Unable to extract all text from page

Hi
I’m working on a project where I need to extract data from PDFs in a fairly predictable format, and am currently testing Aspose.PDF.net for this. So far it has worked great, with one exception: Some of the pages has meta data text that I need located out in the margin of the page, and this text is not returned by the TextAbsorber. Unfortunately the PDFs are confidential so I can’t give actual examples.

This text is not selectable with the mouse in Acrobat Reader either (unlike the rest of the text on the page), so at first I assumed it was an image. But the text turns out to be searchable in Acrobat Reader, so it should be possible to extract it.

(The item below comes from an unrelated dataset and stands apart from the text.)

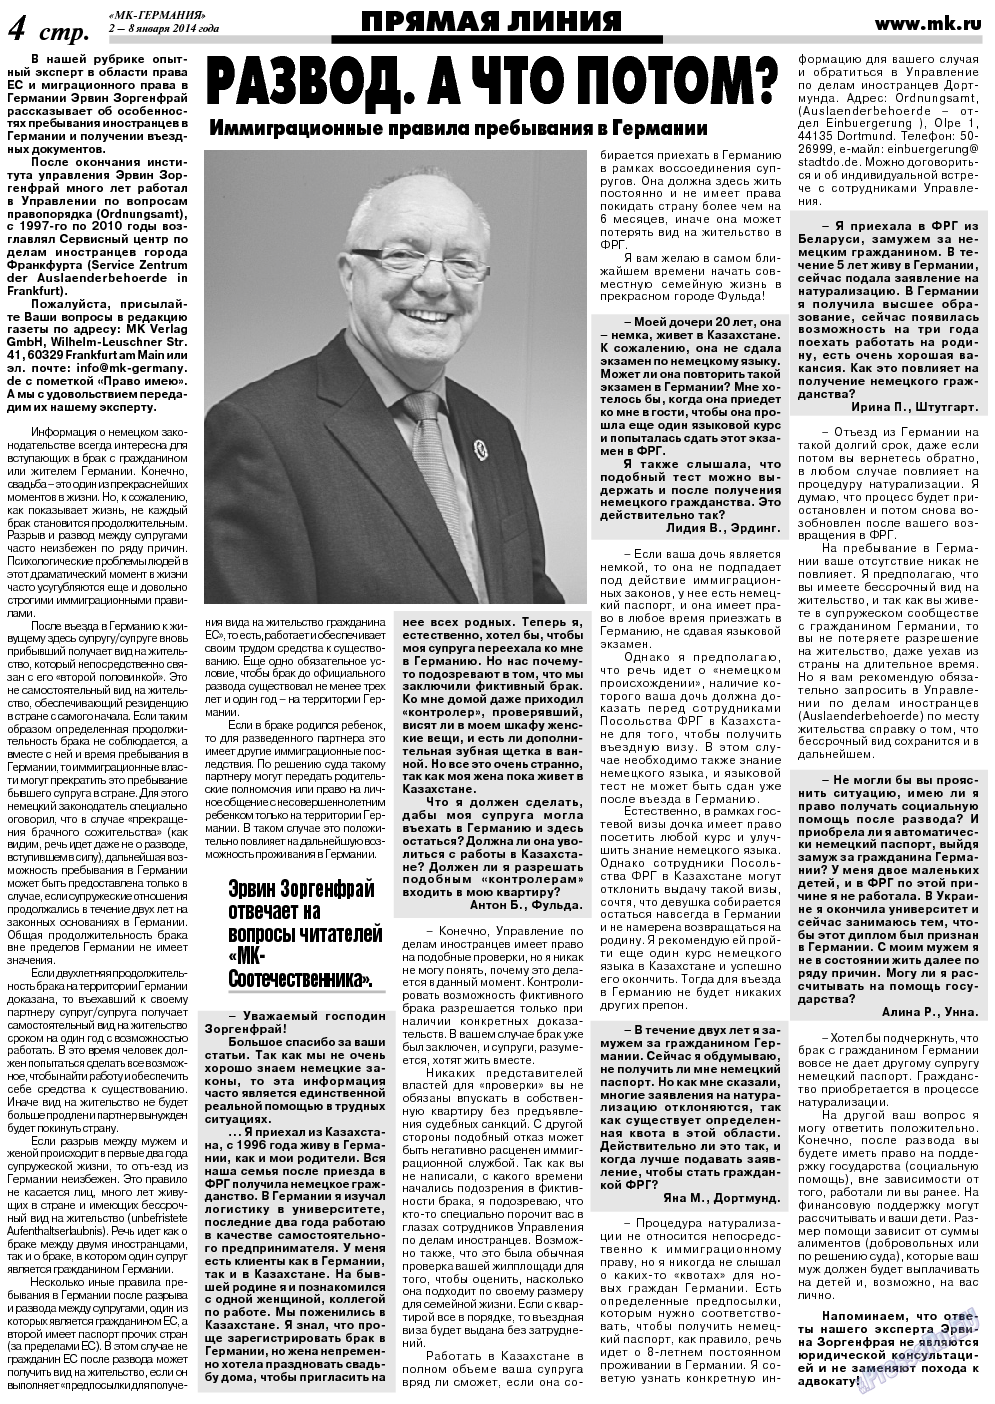 МК-Германия, газета. 2014 №1 стр.4

One theory I had was that they are actually annotations so I used the PdfAnnotationEditor.ExtractAnnotations() method and found that the page has 4 WatermarkAnnotations which correponds to the 4 unselectable lines of text in the margin, but the annotations all have Contents == null. Could I be using the Annotations wrong? (I also tried two other PDF libraries with the same result)

Any ideas to what could be the issue here?
Is there maybe some other place (other than page content or annotation content) that text can be located?

The text in question is repeated across several pages. Could it be stored somewhere else in the document than on the page level? I’m not really familiar with the PDF format, so not sure what is possible.

Here is some example code of what I’m doing:

    public void GetText(string path, int pageNumber)
    {
        var pdf = new Aspose.Pdf.Document(path);
        var page = pdf.Pages[pageNumber];

        var ab = new TextAbsorber();
        ab.Visit(page);

        var pageText = ab.Text;
        
        var ae = new PdfAnnotationEditor();
        ae.BindPdf(pdf);
        var annotations = ae.ExtractAnnotations(pageNumber, pageNumber, new[] { AnnotationType.FreeText, AnnotationType.Text, AnnotationType.Watermark });

        var at = annotations.Select(a => $"{a.AnnotationType}: '{a.Contents}'");
        var annotationText = string.Join(Environment.NewLine, at);
    }

Running this method results in the pageText variable containing the “normal” text but not the 4 lines in the margin.
The annotationText variable has the following value:

Watermark: ''
Watermark: ''
Watermark: ''
Watermark: ''

Hi
I am also working on a PDF data extraction project and we were planning to use Aspose for this, but I encountered the same problem as above when testing with a trial license. The content for annotations is always null.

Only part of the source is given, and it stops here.